The exhibition threads itself through these charged spaces like a living network — provisional, connective, mycelial. Mycelium endures by working in the shadows, porous and collaborative, feeding on what has decayed in order to sustain what might grow. It suggests another kind of time: slow, recursive, unfinished, ongoing and always in the process of becoming.

Some works speak to mourning and its forms; others to endurance, reinvention, and ordinary gestures that carry us forward. A doomsday calendar. A child’s grave with fresh flowers. A salvaged stump turned into a creature. A spell. Survival here is not achieved in one act, but gathered over time — shaped by tension, care, and repetition.

Other works tilt toward speculation, invention, and myth. Flowers that grow from what is discarded. Panspermia as an allegory of persistence. Memes as units of survival. Diana, goddess of the hunt, as a shadow figure for resistance. Paintings where the eyes are not windows but skin — porous, vulnerable, alert. Found microplastics, recycled and recast, testifying to futures already embedded in the everyday.

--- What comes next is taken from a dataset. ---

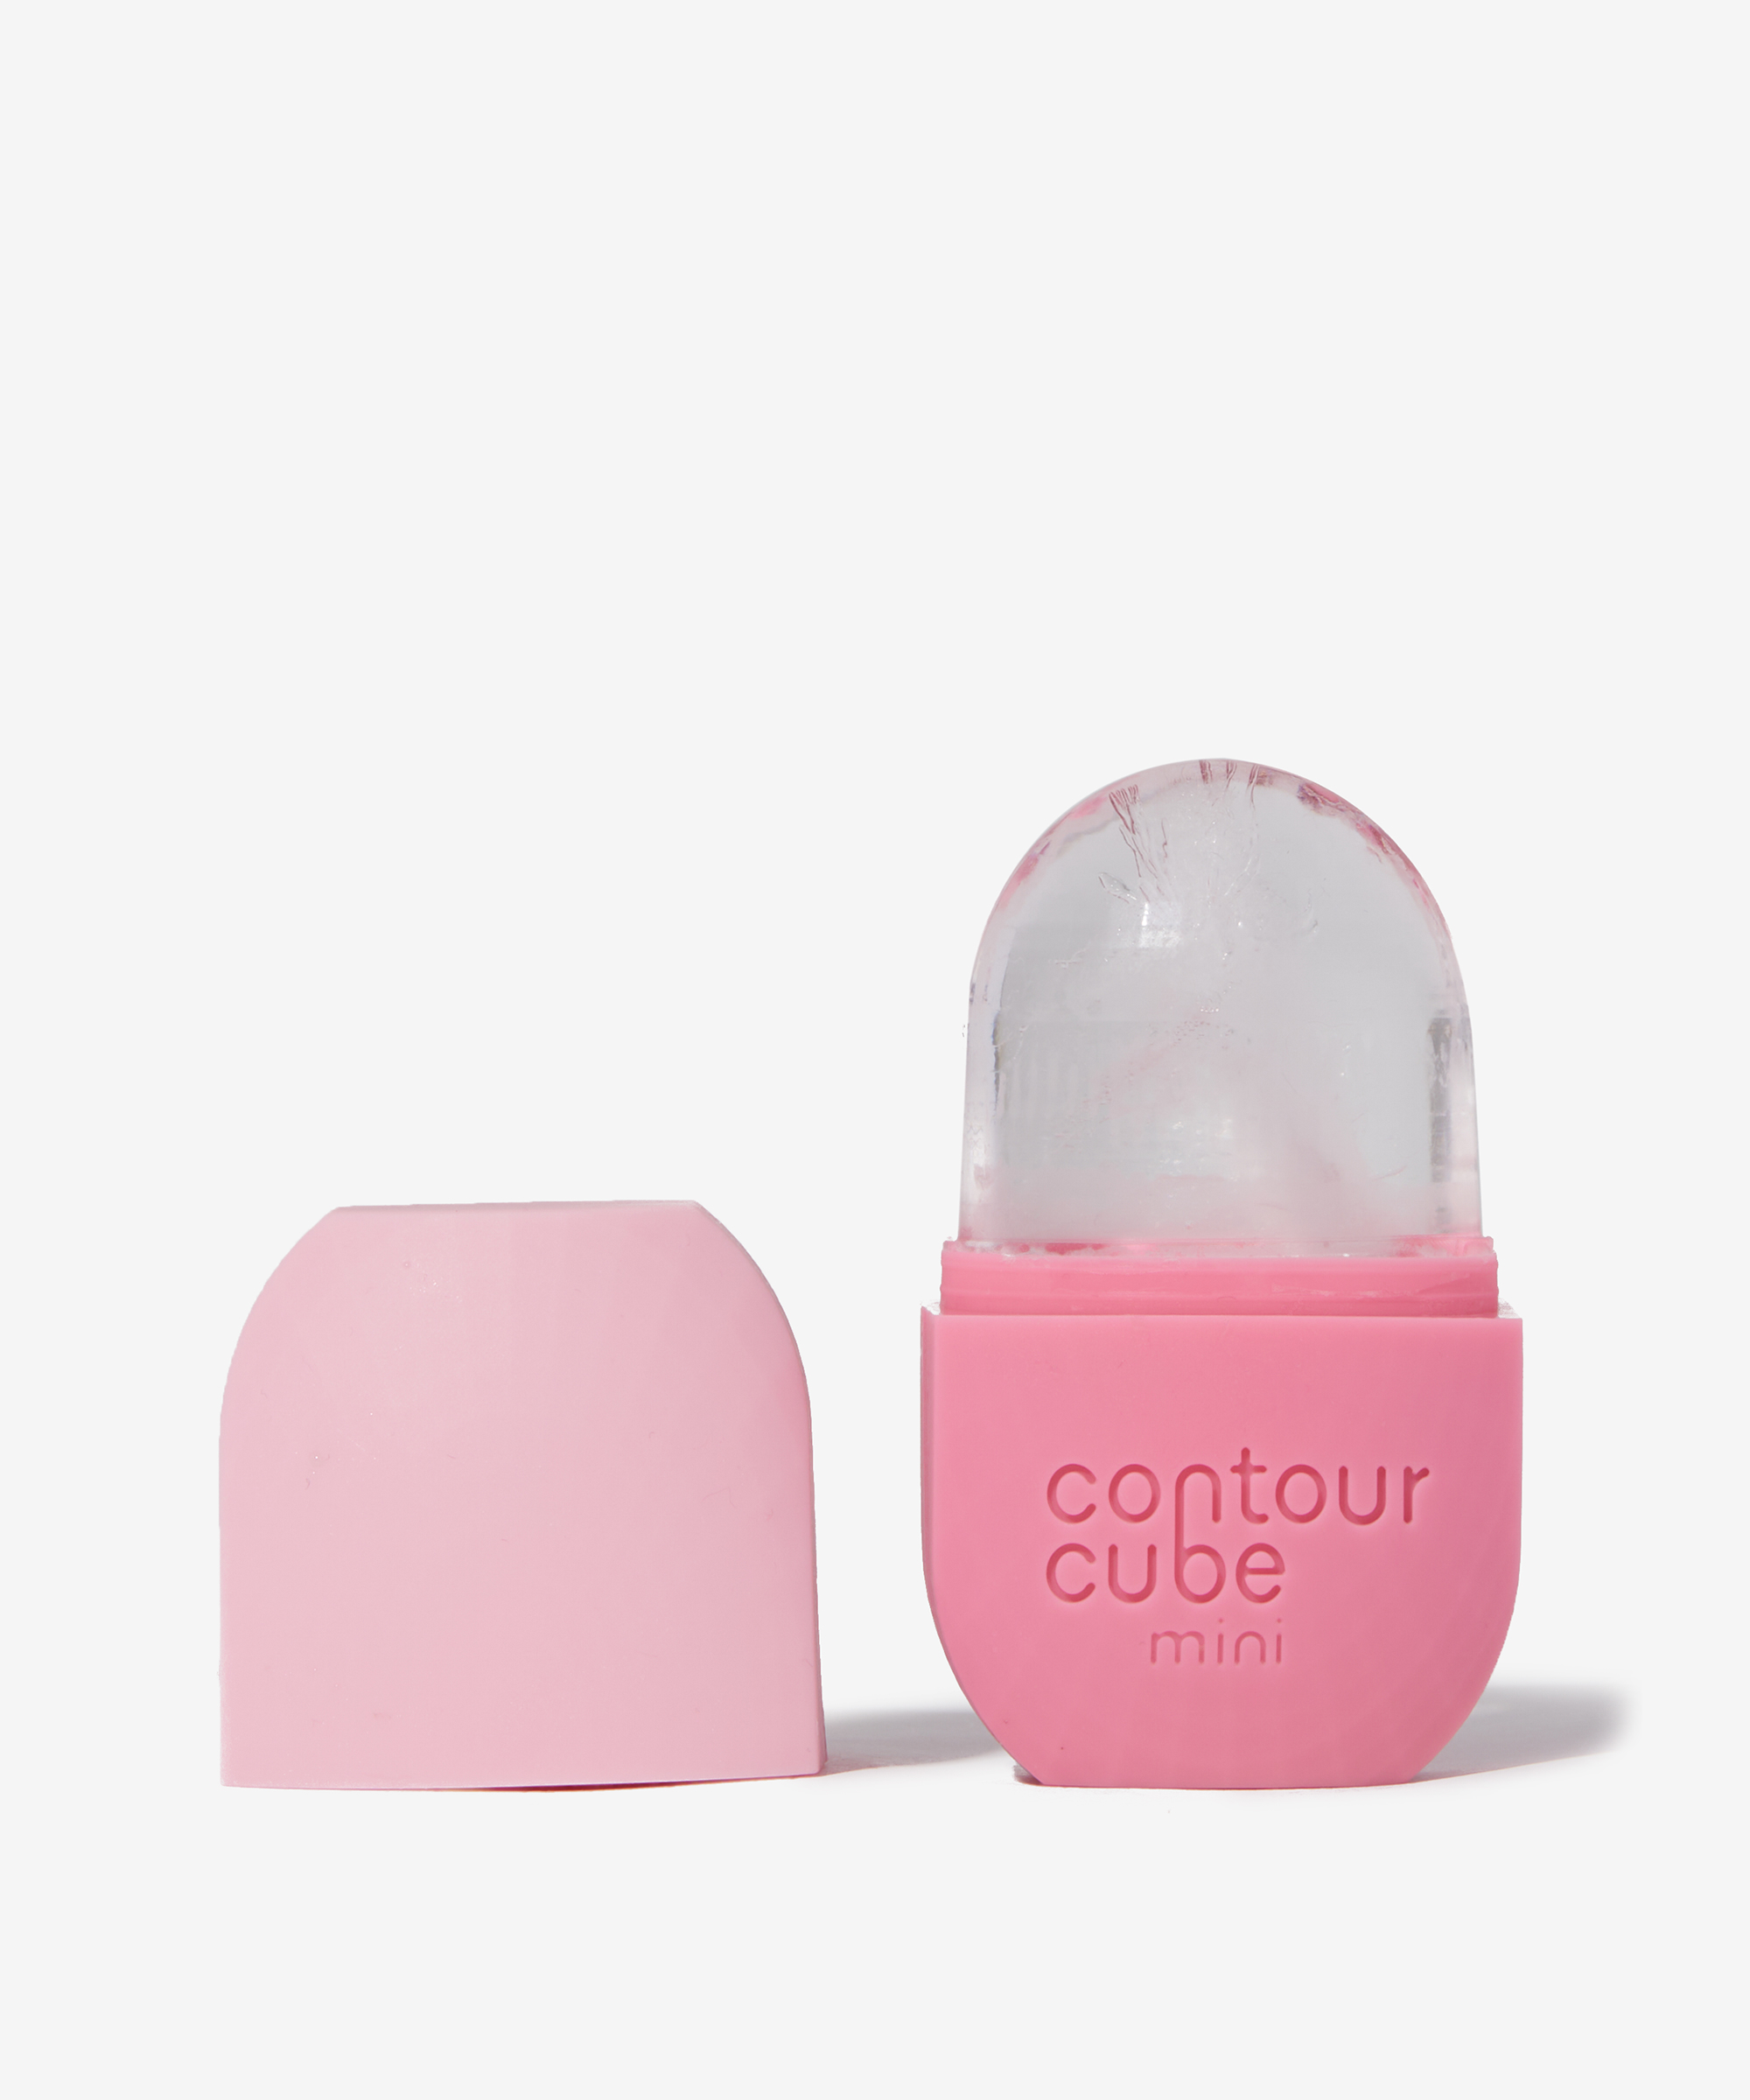 Original Pink Contour Cube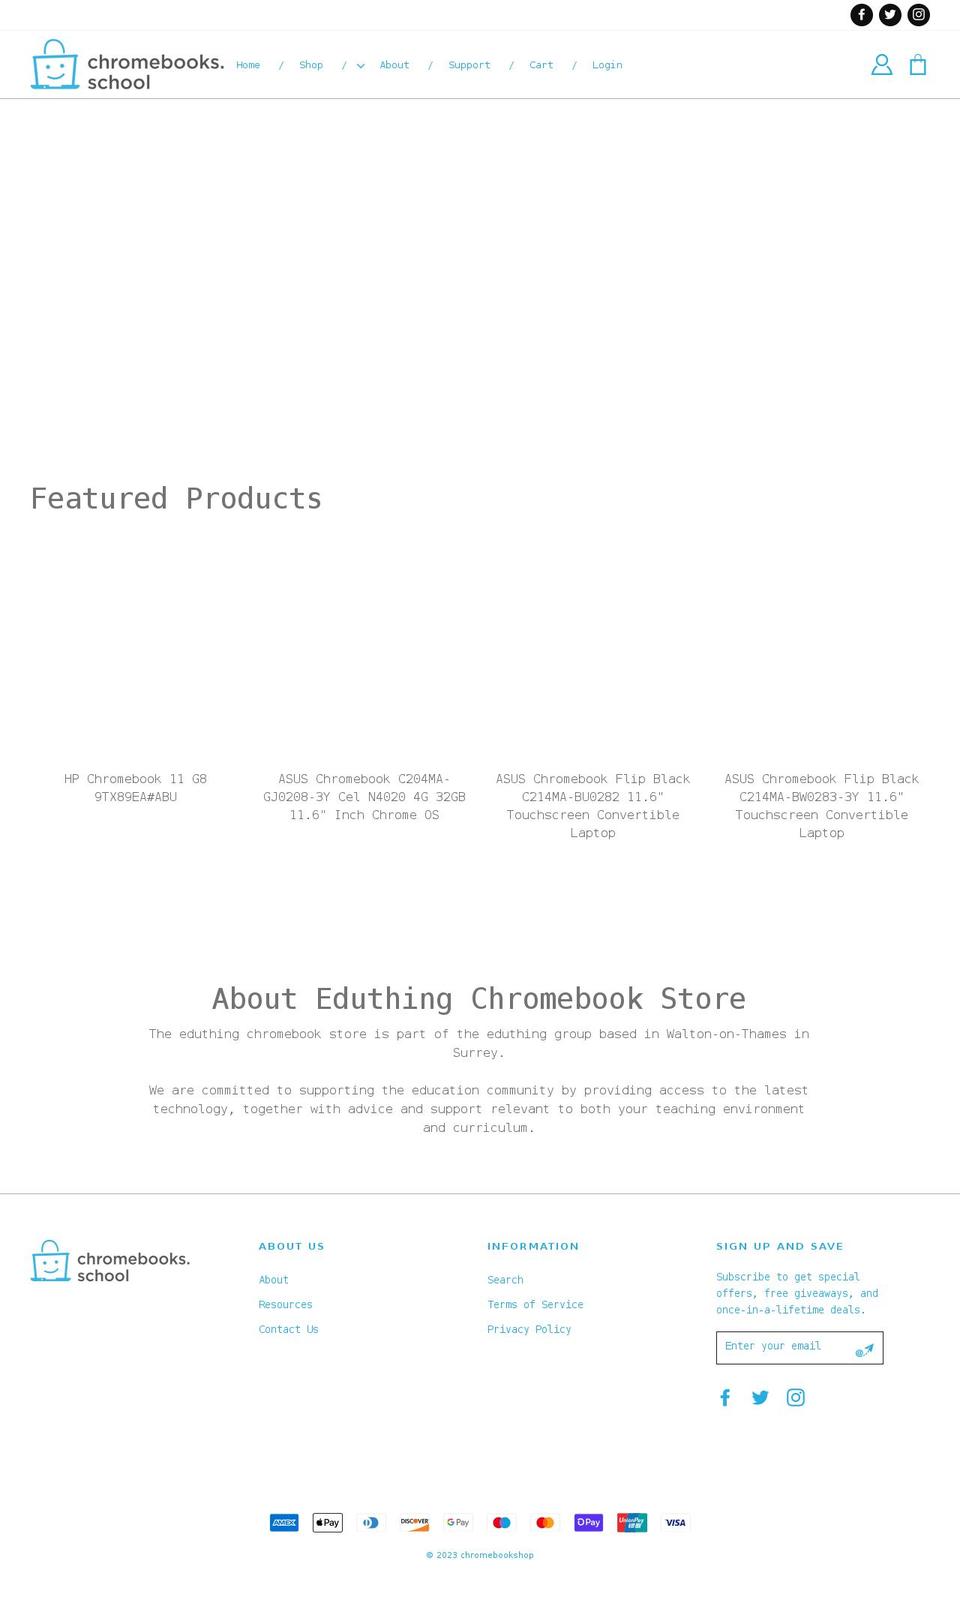 chromebooks.school shopify website screenshot

At the hinge between myth and speculation stands a work that confronts the politics of the body. It recalls two women marked by violence and erasure: one whose nose Freud had removed in a misguided “cure” for hysteria, another whose failed attempt to assassinate Mussolini struck only his nose. Linking these stories to the history of lobotomy and medical misogyny, the work turns the nose into a curious emblem.

Taken together, these works speak less of endings than of processes — slow, unfinished, eruptive. Survival here is not imagined as a single heroic act but as an accumulation: of gestures, of repetitions, of adaptations — shaped by accident, by glitch, by what grows in the cracks we overlook. In this way, the exhibition turns from ghosts toward what is still active in the ruins, asking not only what remains, but what continues to adapt, proliferate, and persist in the aftermath.